Closed Mushini closed 12 months ago

Mushini commented 1 year ago

Added comments about the following: max_value isn't actually the max value the code suffers heavily from modulo bias the article does not mention modulo biases

I'd suggest changing random_int to a uint64_t and assigning 8 bytes instead of 1; changing num1 to better reflect the notion of a "max_value"; and rewriting the article to warn against small datatypes and modulo biases (possibly with a link on the subject).

The WAX RNG Tutorial rng_sample gives an example of getting a random number (0-99) using a byte. But it doesn't mention modulo bias anywhere. uint8_t random_int % 100 gives a +50% bias to the first 56 numbers (0-55); a byte isn't large enough to mitigate modulo bias in this case. Modulo bias is an important subject when it comes to RNG, it can be eliminated with rejection sampling, or proper modulo boundaries; or it can be mitigated with large storage space relative to modulus number (e.g. if random_int's data type were uint64_t).

Using a single byte for this would be a bad practice to follow and teach. And I think it might be good for the tutorial to mention modulo biases.

Also it says the max_value is 100 but the max value is probably actually 99. (the largest X % 100 can be is 99).

(Also, the Twitter link in the site's footer leads to the discord, not twitter.)

3dkrender commented 1 year ago

Yes, it is true that using a number of only 8 bits the rate of appearance of numbers from 0-55 is 33% higher than the rest. I've modified the code to extract a 16-bit portion and reduce the module bias. I have also changed the name of some variable to make it easier to read and understand.

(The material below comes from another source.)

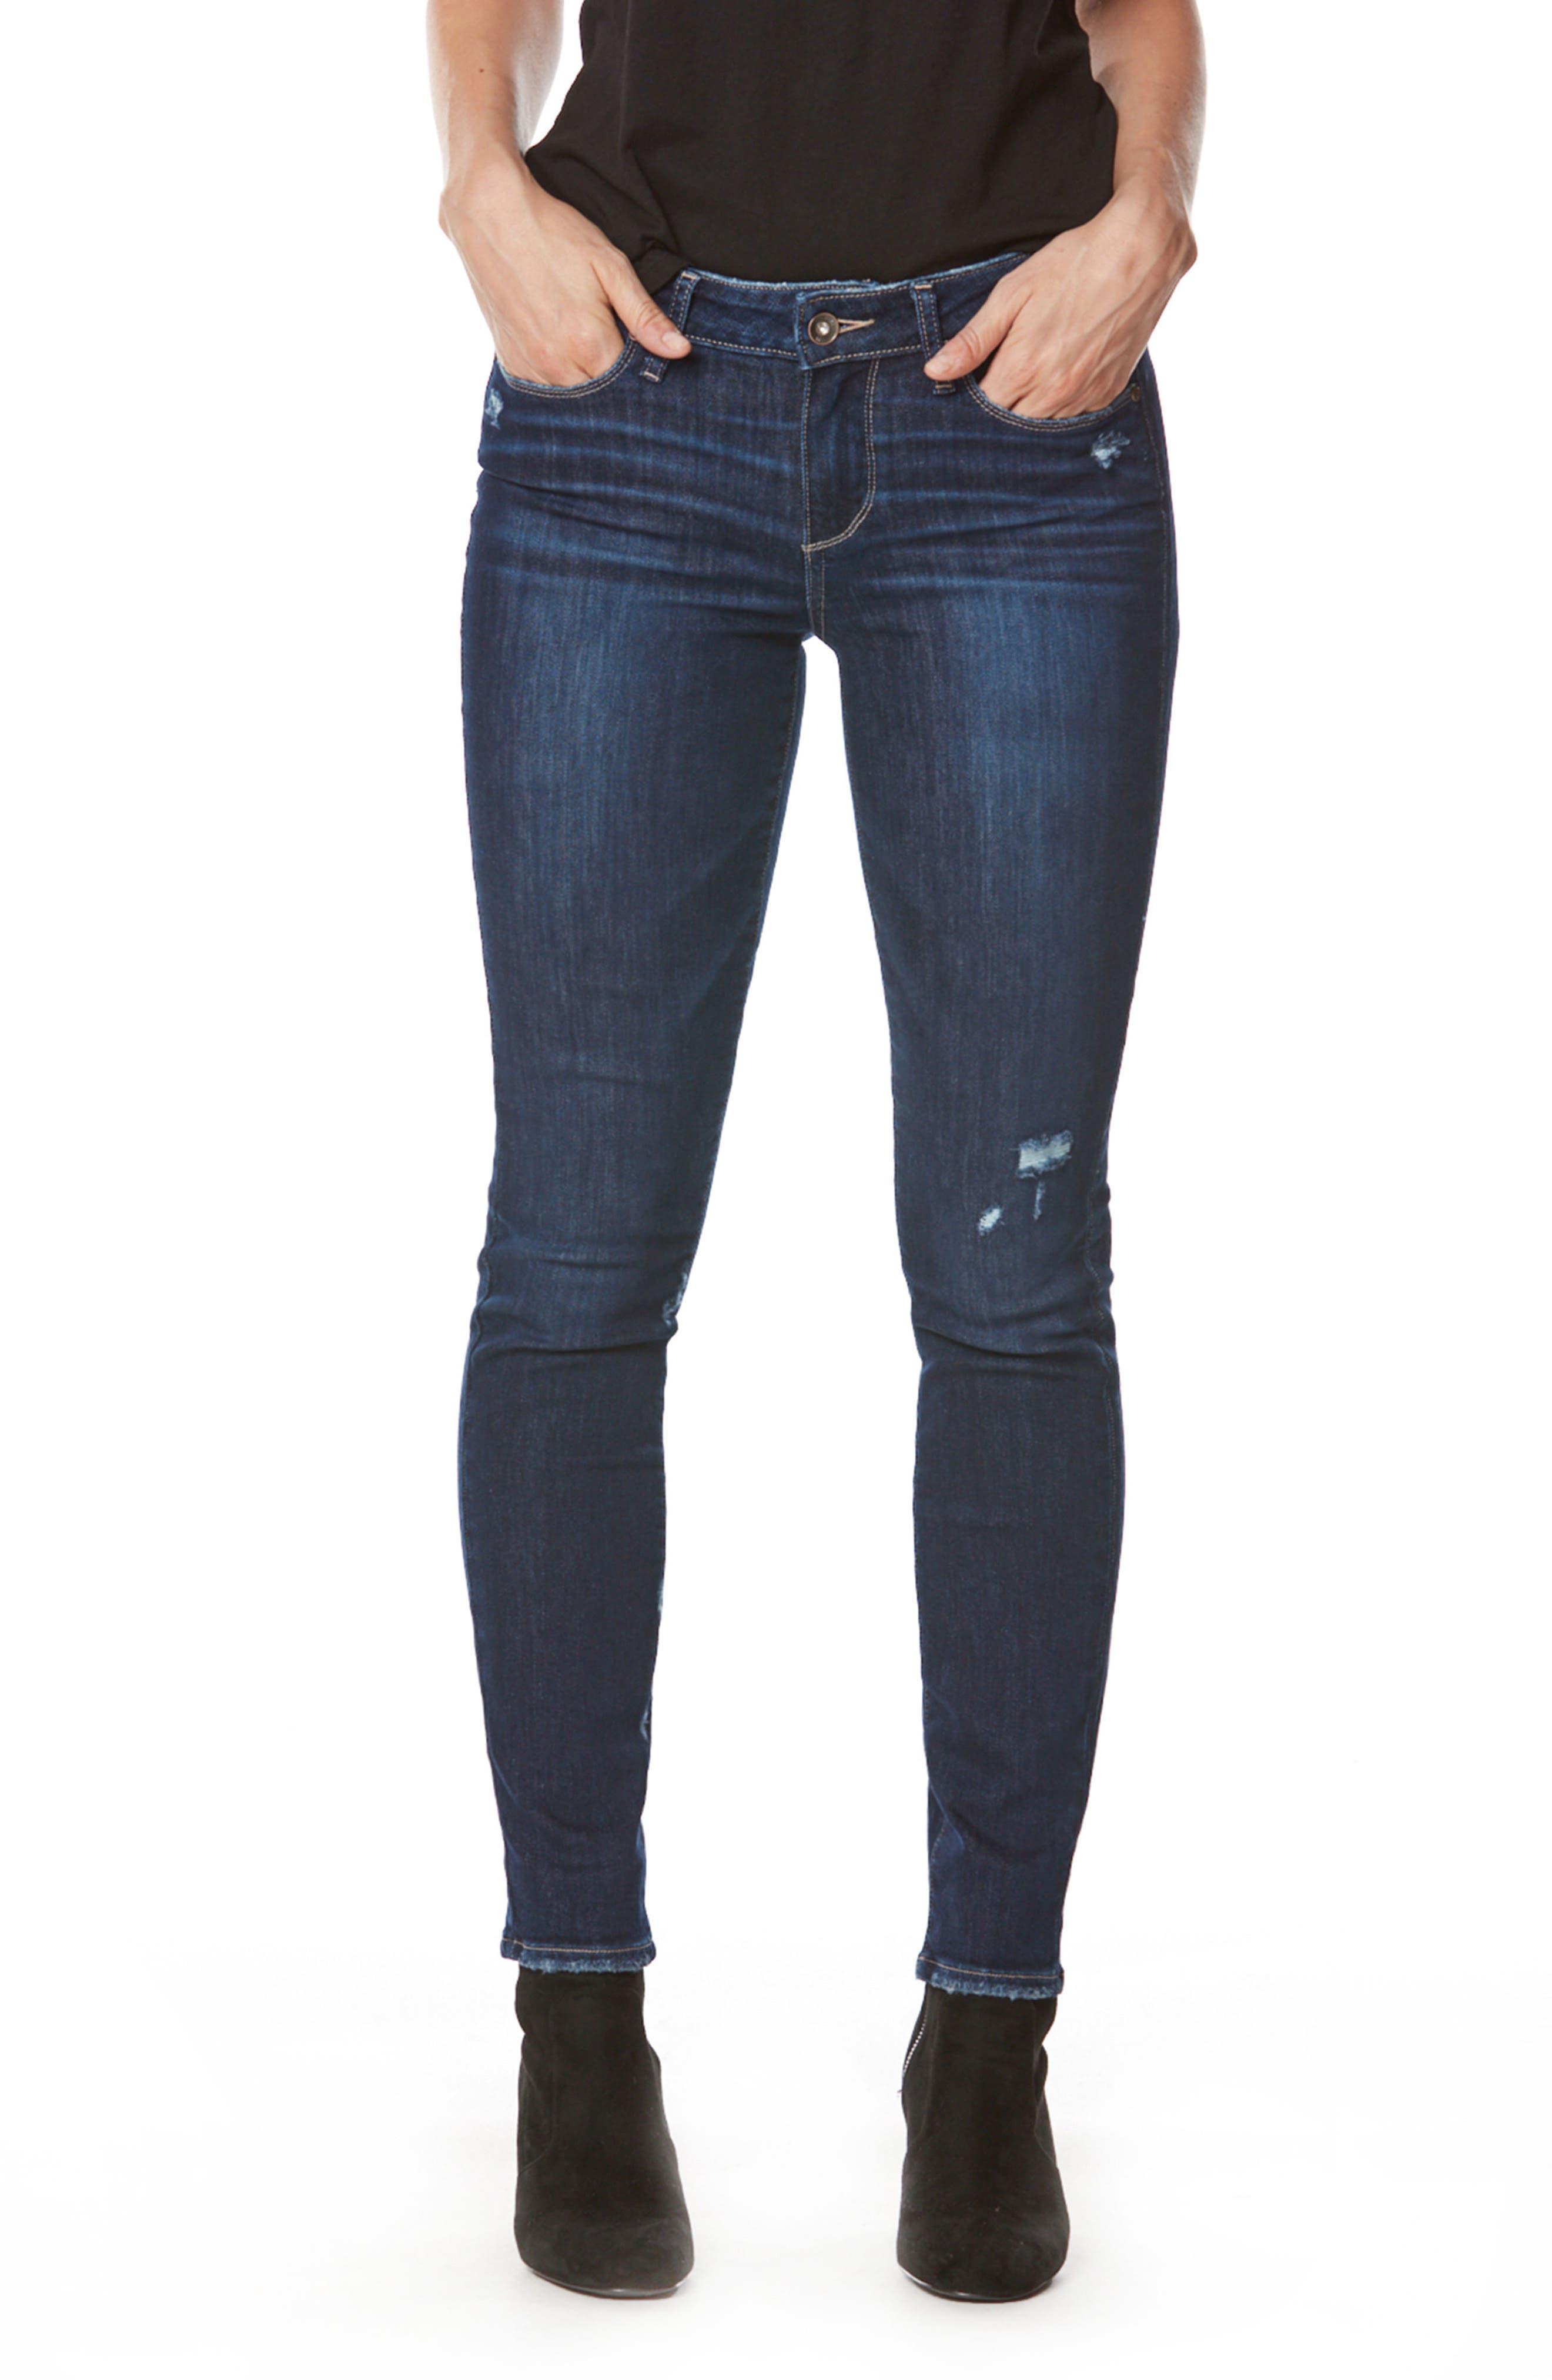 Main Image - PAIGE Transcend - Verdugo Ultra Skinny Jeans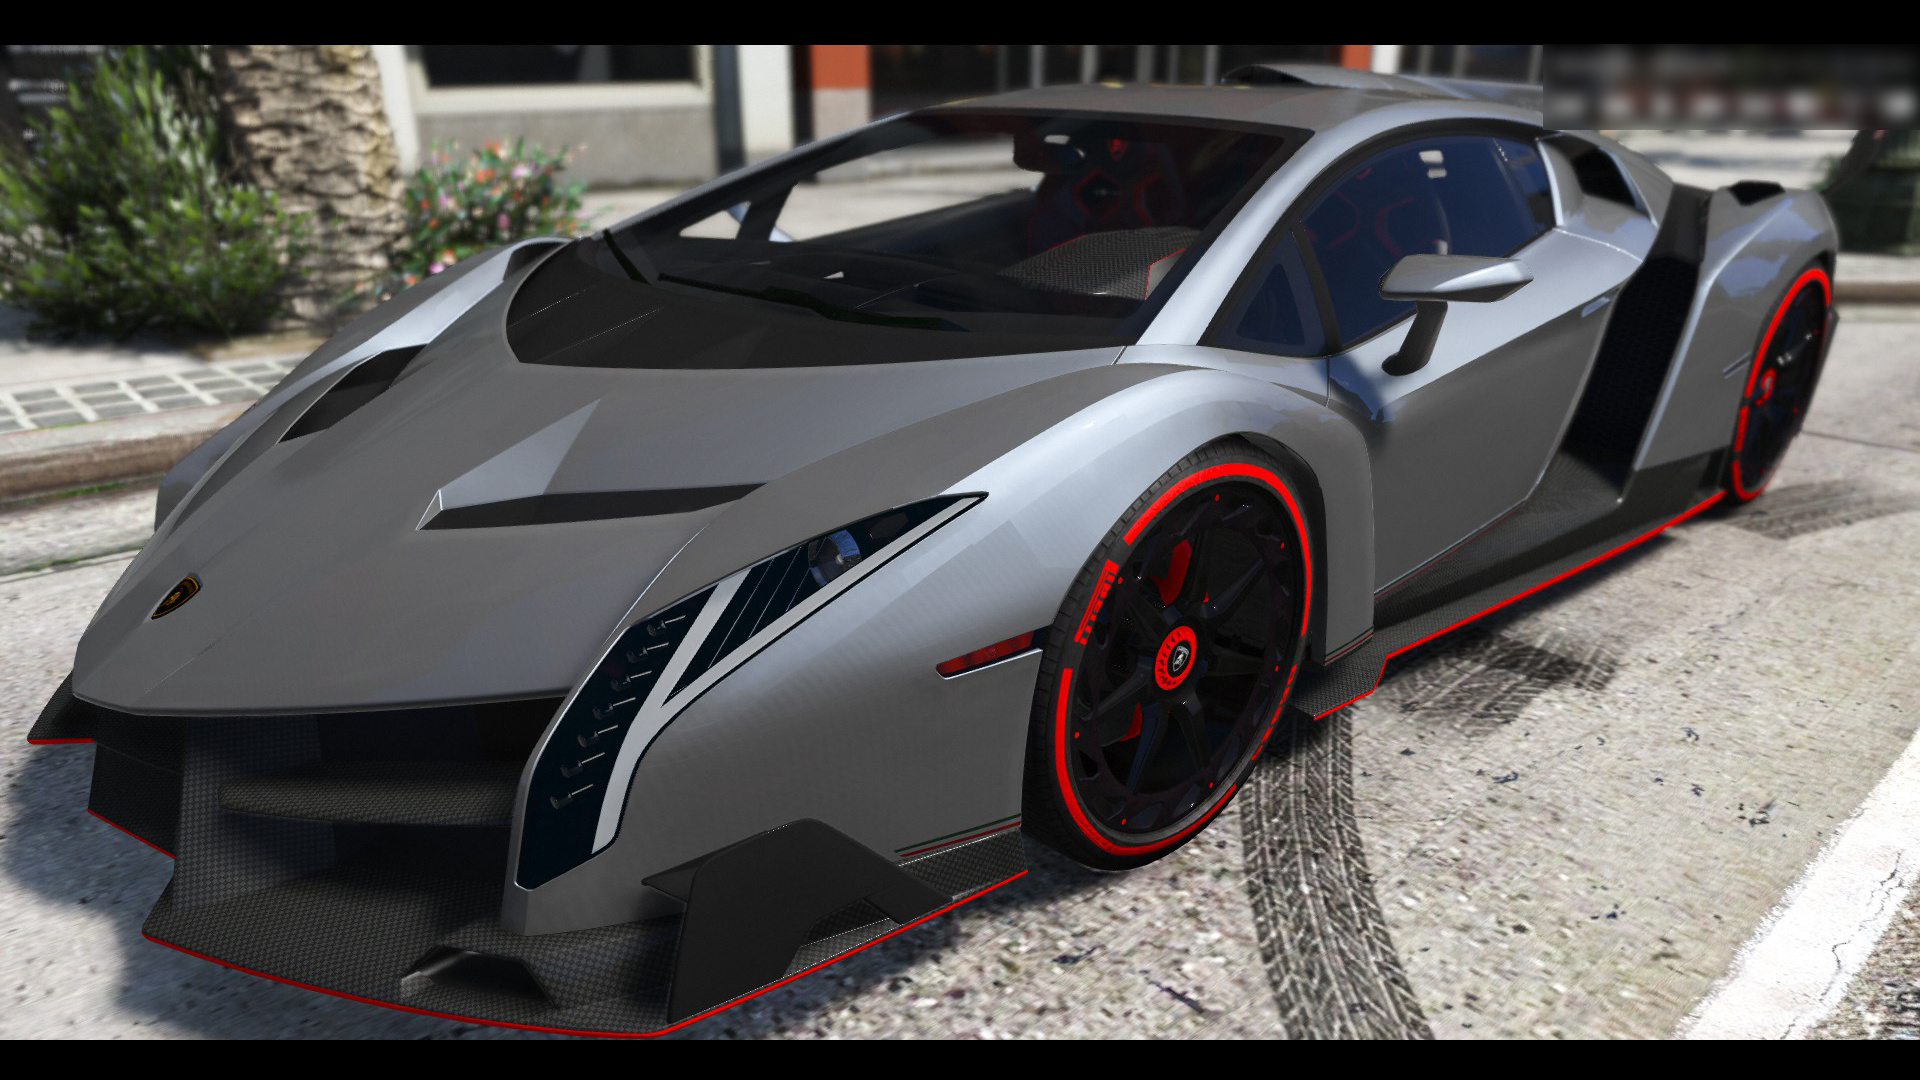 Pegassi Zentorno Wallpaper Car 2013 Lamborghini Veneno Hq Add On Dials Gta5 Mods Com

The new code can be seen here: https://github.com/3dkrender/WAX-RNG-Test/commit/1d1230f5fbd473c169251f620b264b95f1bcad78

Mushini commented 1 year ago

Thanks 3dkrender. The bias/bonus % I gave is the difference between the biased slots (0-55) and the remaining slots (56-99); It is also the difference between min and max. I guess it's meant to reflect an advantage. With a 16-bit random_chunk (and divisor=100) the first 36 numbers (0-35) each have an increased 0.15% appearance rate over the remaining numbers (36-99). I.e. low numbers have a 0.15% advantage. I have created a script that estimates the distribution given the max_size of random_chunk and a divisor. It also simulates the rolls (using max_size and divisor).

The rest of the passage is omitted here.